Ray Bradbury: Short Stories

Influences

Literature

Throughout his youth, Bradbury was an avid reader and writer and knew at a young age that he was "going into one of the arts".[12][13] Bradbury began writing his own stories at age 12 (1931), sometimes writing on butcher paper.[14]

In his youth, he spent much time in the Carnegie Library in Waukegan, reading such authors as H. G. Wells, Jules Verne and Edgar Allan Poe. At 12, he began writing traditional horror stories and said he tried to imitate Poe until he was about 18. Bradbury's favorite writers growing up included Katherine Anne Porter, Edith Wharton and Jessamyn West.[13] He loved the work of Edgar Rice Burroughs, especially his John Carter of Mars series; The Warlord of Mars impressed him so much that at age 12, he wrote his own sequel.[15][16] The young Bradbury was also a cartoonist and loved to illustrate. He wrote about Tarzan and drew his own Sunday panels. He listened to the radio show Chandu the Magician, and every night when the show went off the air, he wrote out the entire script from memory.[17]

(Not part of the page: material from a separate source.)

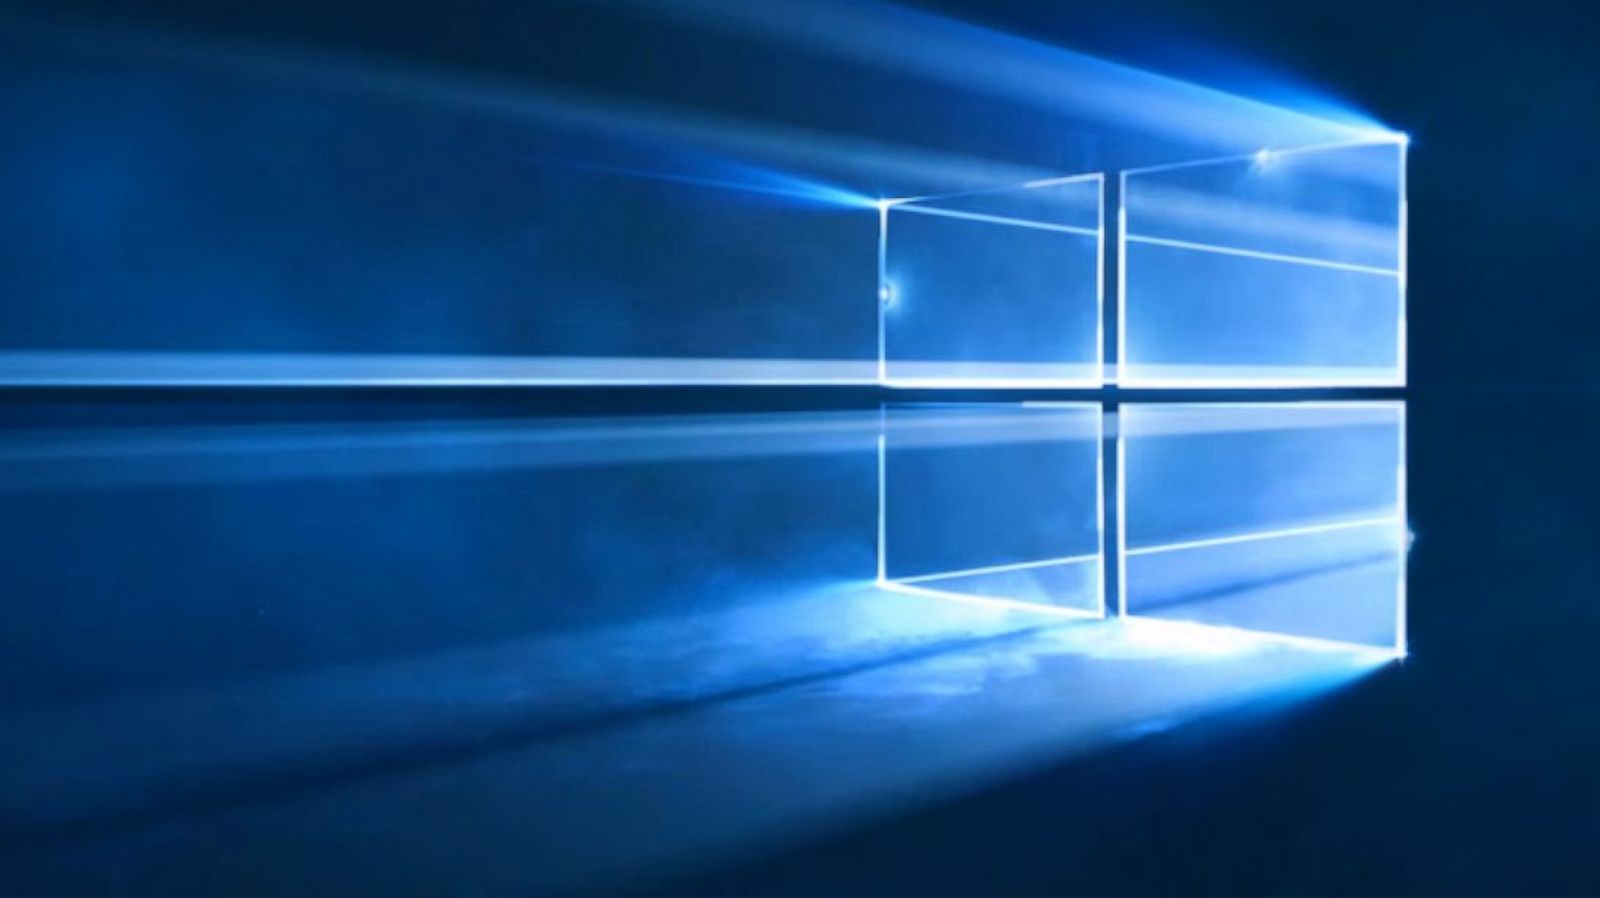 Windows 10 Lasers Smoke Machines And Falling Crystals Help Make New Wallpaper Abc News

As a teen in Beverly Hills, he often visited his mentor and friend, science-fiction writer Bob Olsen, sharing ideas and maintaining contact. In 1936, at a secondhand bookstore in Hollywood, Bradbury discovered a handbill promoting meetings of the Los Angeles Science Fiction Society.[18] Excited to find others who shared his interest, he joined a Thursday-night conclave at age 16.[19]

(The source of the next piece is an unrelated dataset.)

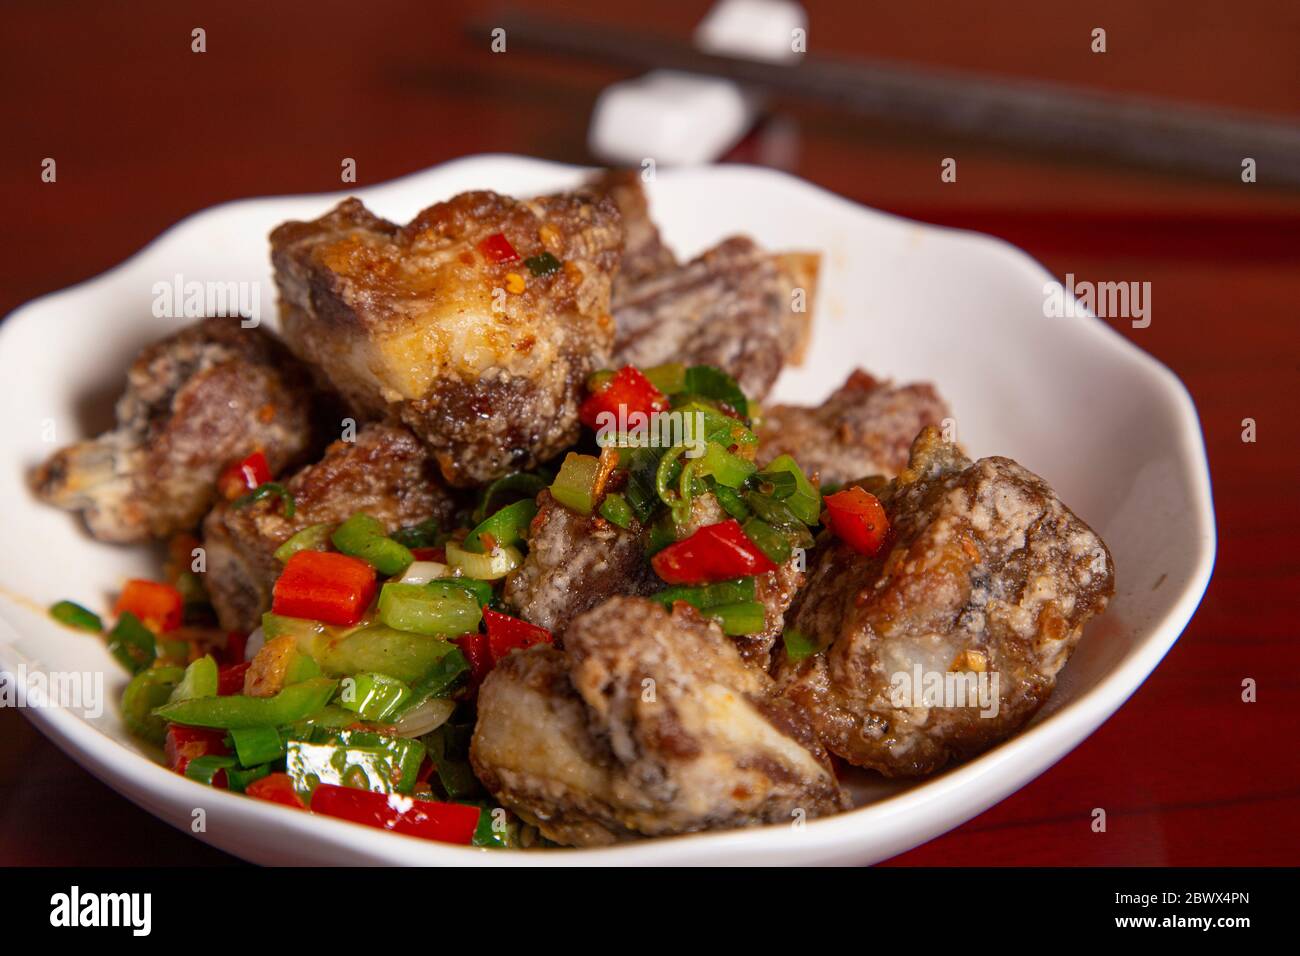 Plate of ribs with salt and pepper with pieces of vegetables. Isolated image. Oriental gastronomy Stock Photo

Bradbury cited Verne and Wells as his primary science-fiction influences. He identified with Verne, saying: "He believes the human being is in a strange situation in a very strange world, and he believes that we can triumph by behaving morally."[20] Bradbury admitted that he stopped reading science-fiction books in his 20s and embraced a broad field of literature that included poets Alexander Pope and John Donne.[21] He had just graduated from high school when he met Robert A. Heinlein, then 31. Bradbury recalled: "He was well known, and he wrote humanistic science fiction, which influenced me to dare to be human instead of mechanical."[21] During his young adulthood, Bradbury read stories published in Astounding Science Fiction, and read everything by Heinlein and Arthur C. Clarke, as well as the early writings of Theodore Sturgeon and A. E. van Vogt.

Hollywood

The family lived about four blocks from the Fox Uptown Theatre on Western Avenue in Los Angeles, the flagship theater for MGM and Fox. There, Bradbury learned how to sneak in and watched previews almost every week. He roller skated there, as well as all over town, as he put it, "hell-bent on getting autographs from glamorous stars. It was glorious." Among stars the young Bradbury was thrilled to encounter were Norma Shearer, Laurel and Hardy, and Ronald Colman. Sometimes he spent all day in front of Paramount Pictures or Columbia Pictures, then skated to the Brown Derby to watch the stars who came and went for meals. He recounted seeing Cary Grant, Marlene Dietrich and Mae West, who, he learned, made a regular appearance every Friday night, bodyguard in tow.[21]